- Yasnov in 1970

Chairman of the Presidium of the Supreme Soviet of the Russian SFSR
- In office 23 December 1966 – 26 March 1985
- Premier: Gennady Voronov Mikhail Solomentsev Vitaly Vorotnikov
- Preceded by: Nikolai Ignatov
- Succeeded by: Vladimir Orlov

Chairman of the Council of Ministers of the Russian SFSR
- In office 24 January 1956 – 19 December 1957
- President: Mikhail Tarasov
- Preceded by: Alexander Puzanov
- Succeeded by: Frol Kozlov

Chairman of the Executive Committee of the Moscow City Council
- In office 18 January 1950 – 2 February 1956
- Preceded by: Georgy Popov
- Succeeded by: Nikolai Bobrovnikov

Personal details
- Born: 5 June 1906 Kostroma Oblast, Russian Empire
- Died: 23 July 1991 (aged 85) Moscow, Russian SFSR, Soviet Union
- Party: Communist Party of the Soviet Union

= Mikhail Yasnov =

Soviet politician (1906–1991)

Mikhail Alekseyevich Yasnov (Михаил Алексеевич Яснов; – 23 July 1991) was a Soviet politician. He was Chairman of the Moscow City Executive Committee and head of Moscow in 1950–1956.
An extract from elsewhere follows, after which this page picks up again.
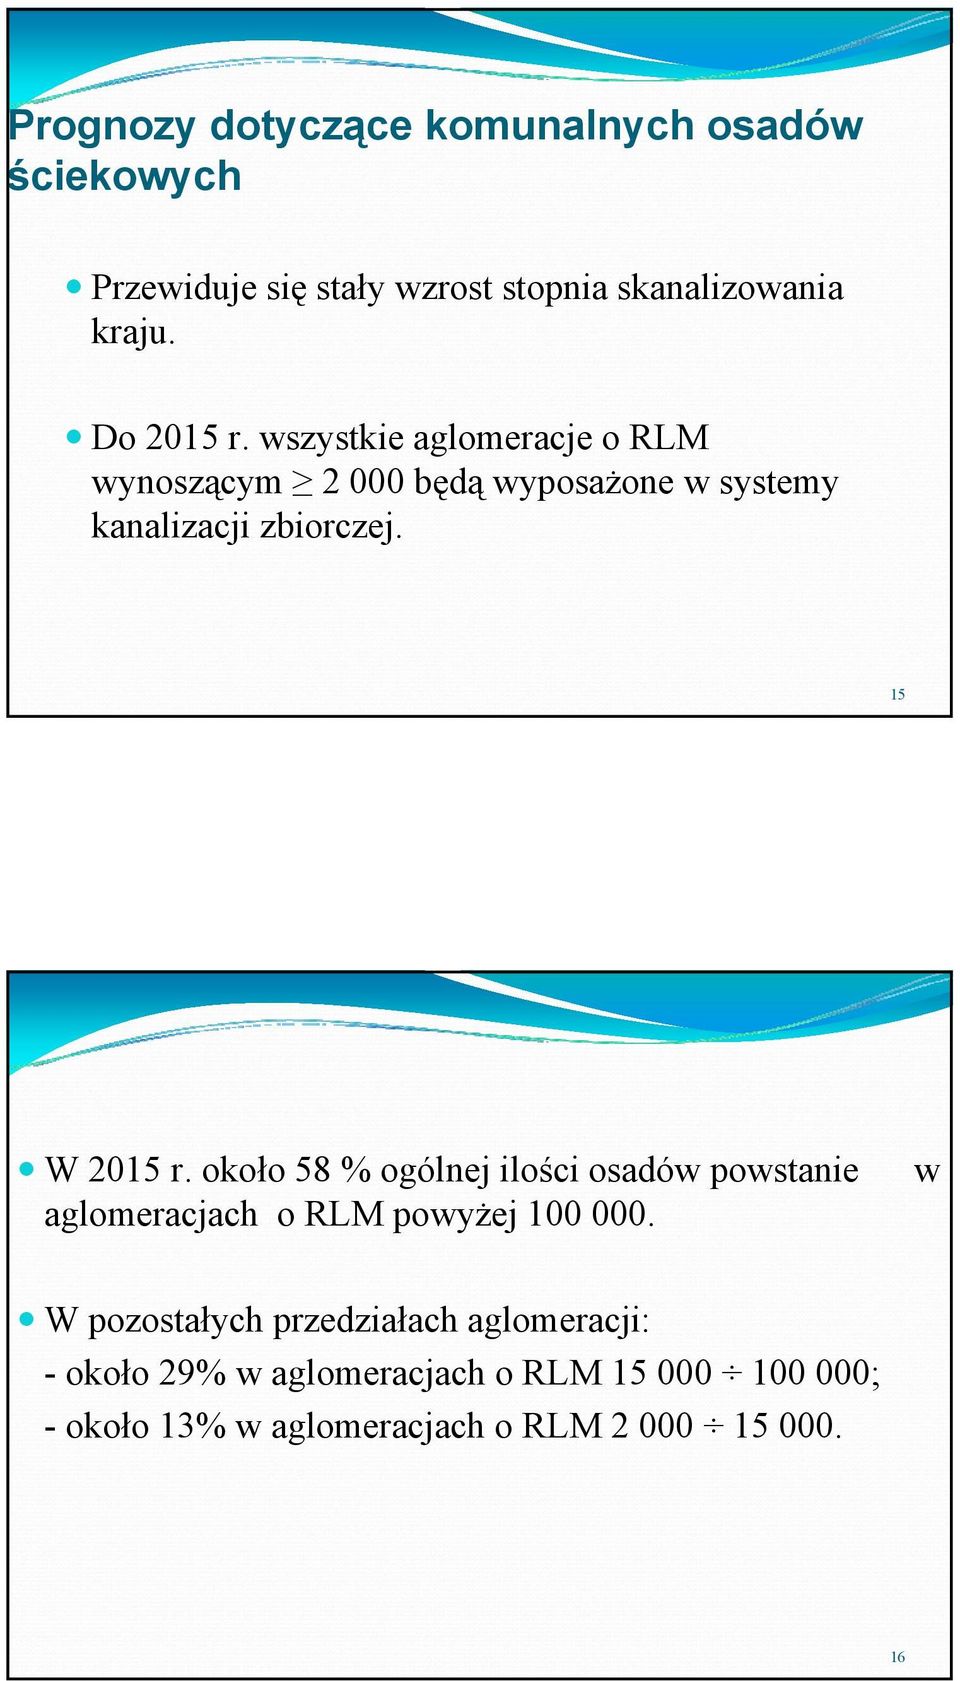 15 W 2015 r. około 58 % ogólnej ilości osadów powstanie aglomeracjach o RLM powyżej 100 000.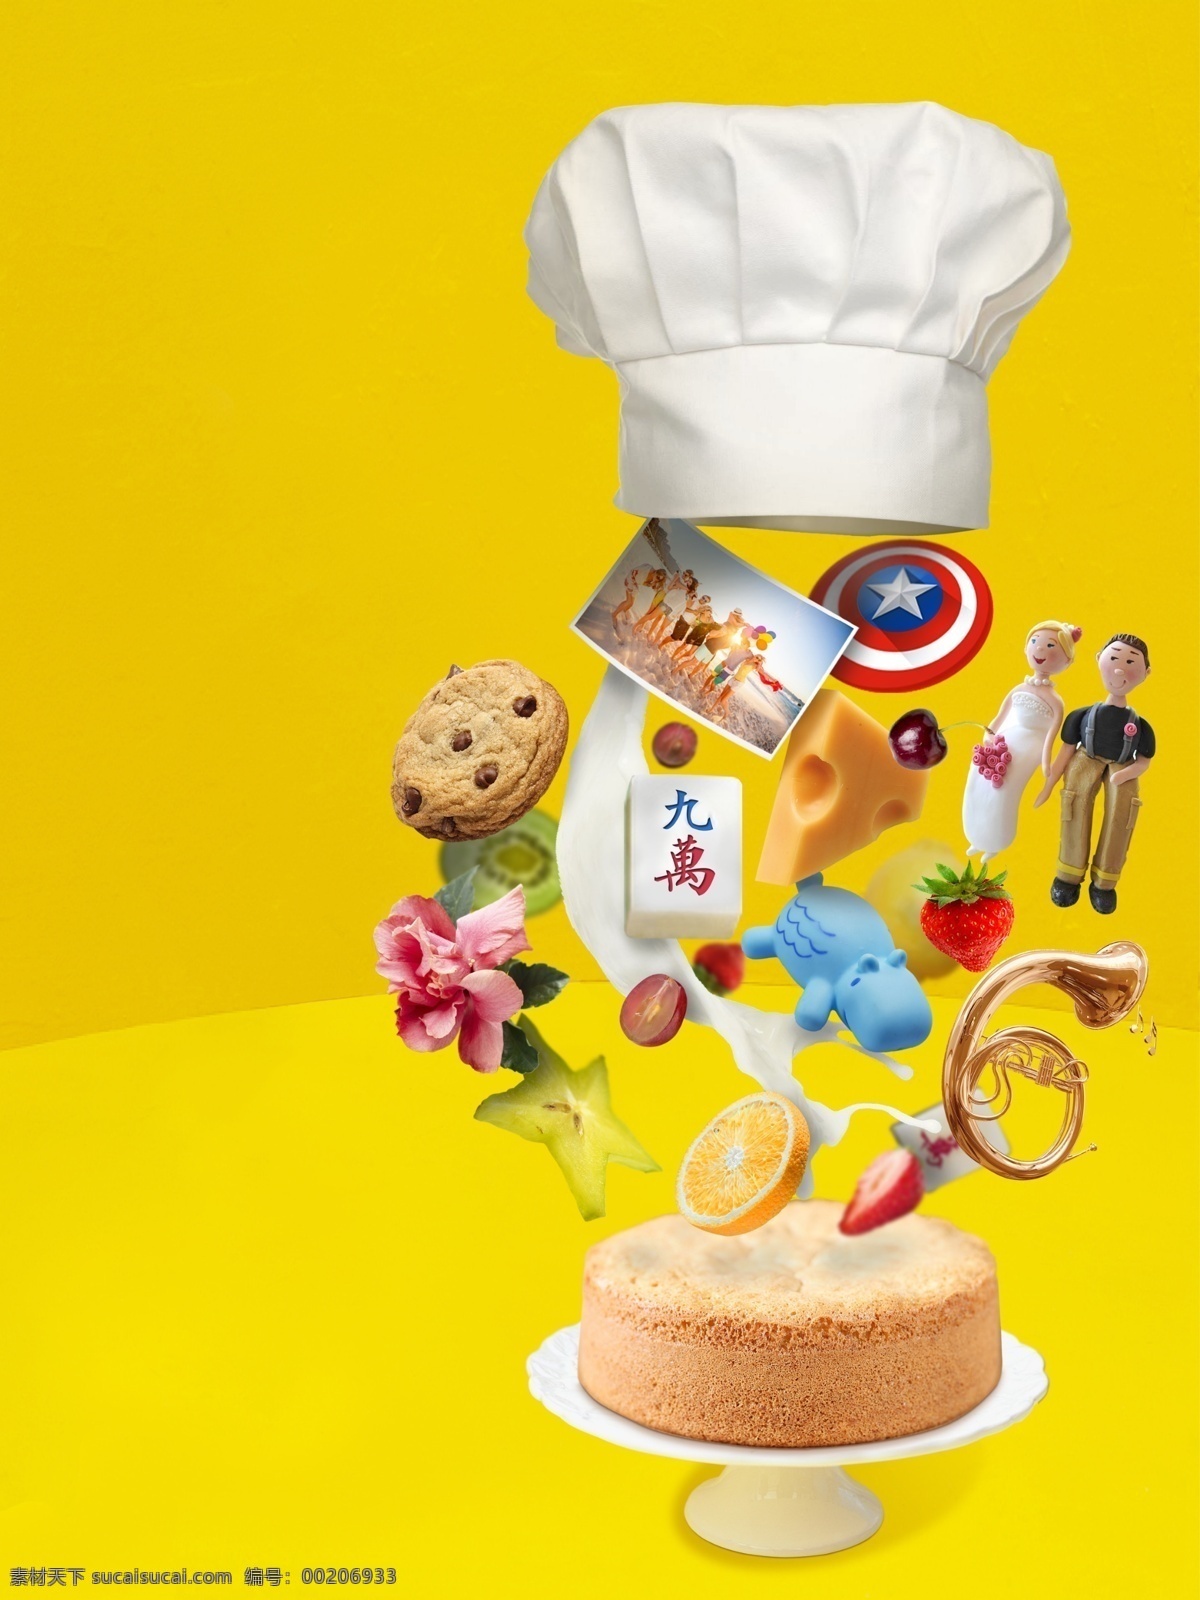 定制蛋糕 定制 蛋糕 面包 创意 厨师帽 个性 专属 蛋糕胚 黄色 私人定制 面包店 蛋糕店 蛋糕品牌 冲击力 甜品 国际 海报 视觉 招贴设计

Between 1956 and 1957 he was the Chairman of the Council of Ministers of the Russian SFSR. Between 1957 and 1966 he was First Deputy Chairman of the Council of Ministers of the RSFSR and between 1966 and 1985 he was Chairman of the Presidium of the Supreme Soviet (head of state) and later deputy. Between 1950 and 1956 he was Chairman of the Soviet of the Union, the upper chamber of the Supreme Soviet of the Soviet Union. He was made a Hero of Socialist Labor in 1976.